Anomie added a comment.Via ConduitSep 4 2013, 7:23 PM

(In reply to comment #10)

It's not clear to me why '</li>\n<li>' would not work

In PHP, escapes such as \n are only interpreted inside double-quoted strings. When you use single quotes, it outputs \n literally. So using double quotes, as in "</li>\n</li>", should work.

Edokter added a comment.Via ConduitOct 19 2013, 10:34 AM

Working on a patch, but my local repository seems to be broken; I get over a year old files when rebasing. I do hate GIT with a passion.

gerritbot added a comment.Via ConduitOct 19 2013, 2:03 PM

Change 90696 had a related patch set uploaded by Gerrit Patch Uploader:
Have list items occupy their own line

https://gerrit.wikimedia.org/r/90696

Edokter added a comment.Via ConduitOct 19 2013, 5:59 PM

Patch now ready for review. Changed parserTest.txt as well to reflect changed output. Thanks to MatmaRex for uploading patches.

gerritbot added a comment.Via ConduitOct 21 2013, 8:24 PM

Change 90696 merged by jenkins-bot:
Have list items occupy their own line

https://gerrit.wikimedia.org/r/90696

Anomie added a comment.Via ConduitOct 21 2013, 8:27 PM

Change merged. It should be deployed to WMF wikis with 1.23wmf1 (unless we decide to have 1.22wmf23 instead), see https://www.mediawiki.org/wiki/MediaWiki_1.23/Roadmap for the schedule.

GWicke added a comment.Via ConduitOct 21 2013, 10:30 PM

Setting the list items to white-space: inline-block (not inline) works without the newline in the DOM.

Support:

Omitting the newline from the DOM lets users choose whether to line break or not with CSS, so seems to be preferable. Inserting a newline sounds problematic for this reason, and might just be a tidy bug.

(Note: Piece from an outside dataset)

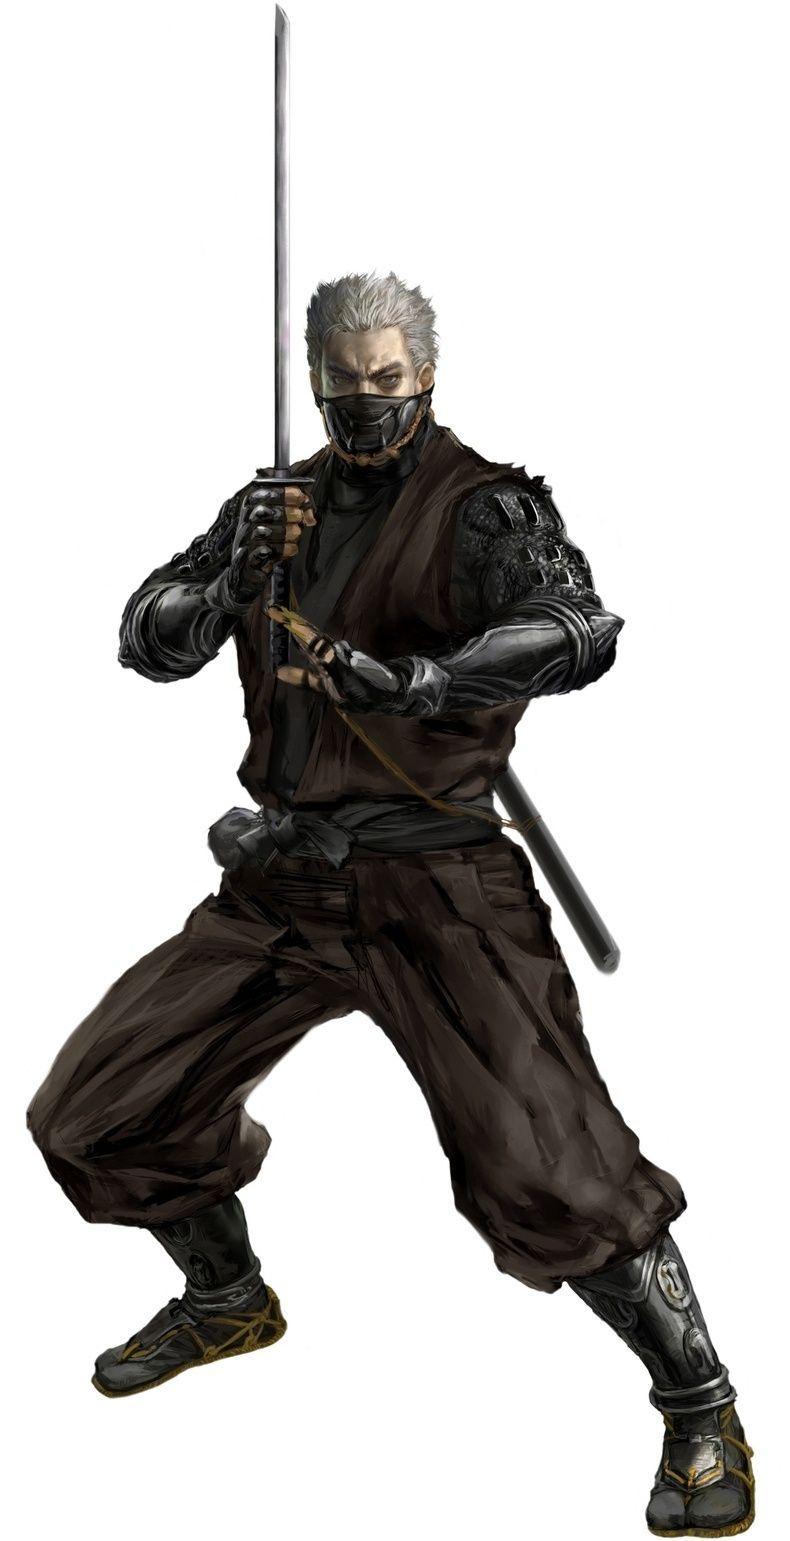 Rikimaru (Tenchu 4) should be played by the masked baddie in Rurouni

GWicke added a comment.Via ConduitOct 21 2013, 10:45 PM

Examples:

// force single line, but space cannot be avoided as it is in the DOM
http://jsfiddle.net/dT3Qg/

// Without a space in the DOM, both single-line and break-on-li behavior are possible. Break-on-li with inline-block:
http://jsfiddle.net/dT3Qg/2/

GWicke added a comment.Via ConduitOct 21 2013, 10:54 PM

Reopening this bug to discuss which solution makes sense in the longer term, both in tidy and Parsoid.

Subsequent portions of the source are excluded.